Comparison between standard pearson/spearman correlation and propr
Hi, I'm running a correlation/proportionality analysis on a multiomic dataset (metagenomic, metatranscriptomic and metaproteomic). I'm trying to correlate features in one dataset to the same features in one of the other datasets, so for example the abundance of a gene in the metagenomes to the same gene in the metatranscriptome.

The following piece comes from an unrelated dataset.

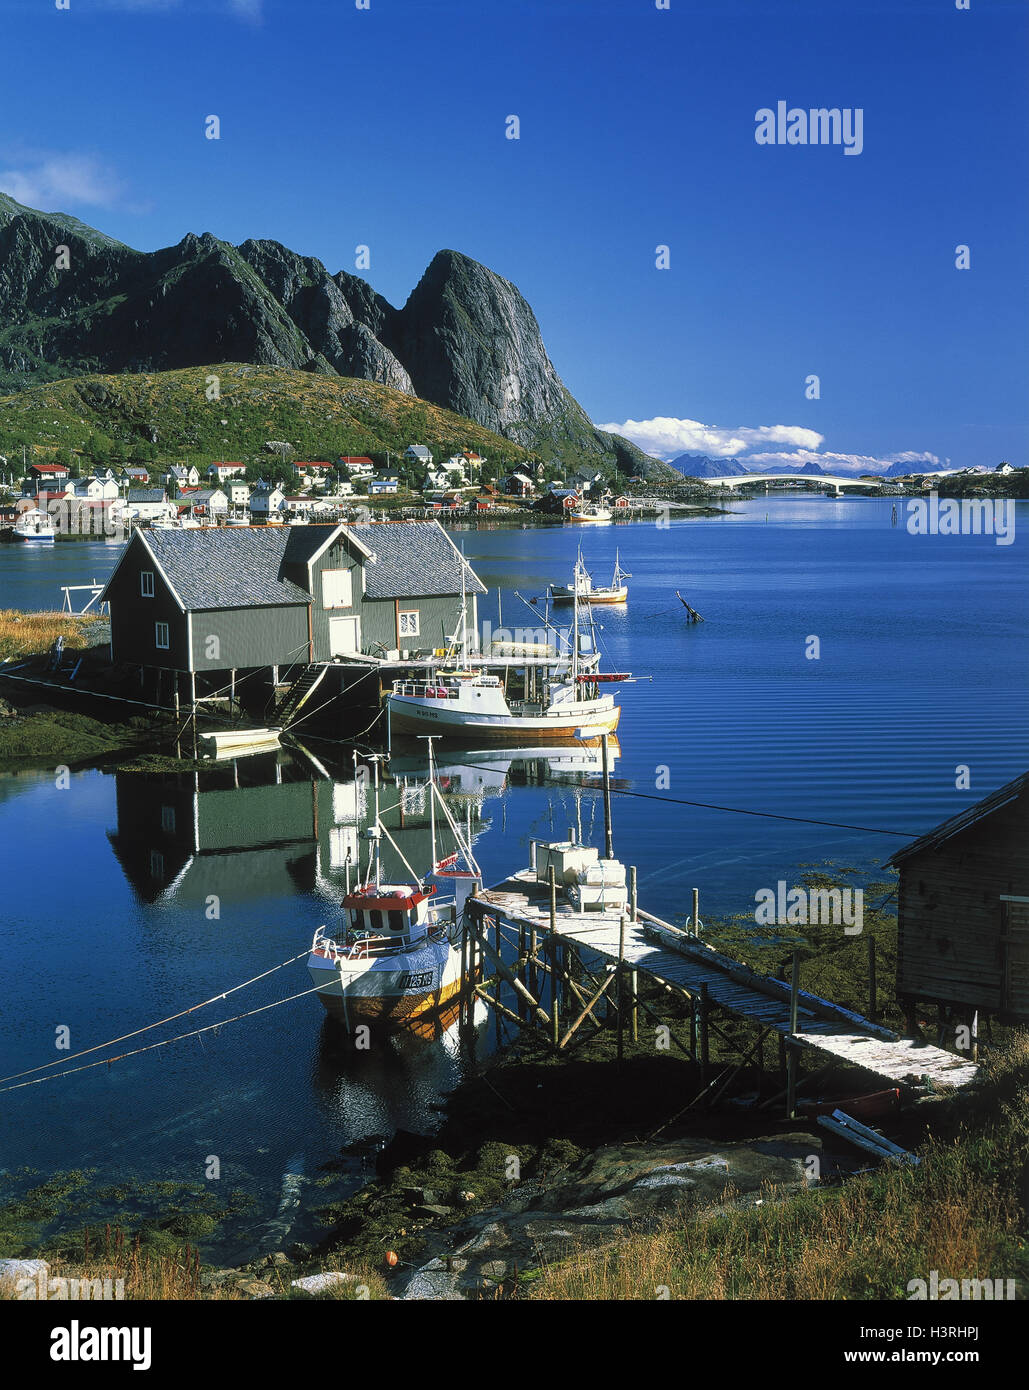 Norwegen, Lofoten, pure, lokale Ansicht, Hafen, Fischerboote, Europa, Skandinavien, Felsen, Galle Landschaft, Insel, Stiefel, Angeln, Hafen, Hafen, Brücke, Steg, Stockfoto

I've done this both with propr, following the 'column join' strategy as suggested in Quinn et al 2019 where counts in each dataset are log-transformed separately with CLR then joined into one table before analysing with propr:
pr <- propr(
counts = df,
metric = "rho",
ivar = NA,
alpha = NA,
p = 100
)
pr <- updateCutoffs(
object = pr,
custom_cutoffs = seq(.01, 1, .01),
tails = "right",
ncores = 8
)
This gives me an all-against-all comparison of the features, but because I'm primarily interested in how a single feature relates to the same feature between datasets I've then filtered the results to only these pairwise comparisons.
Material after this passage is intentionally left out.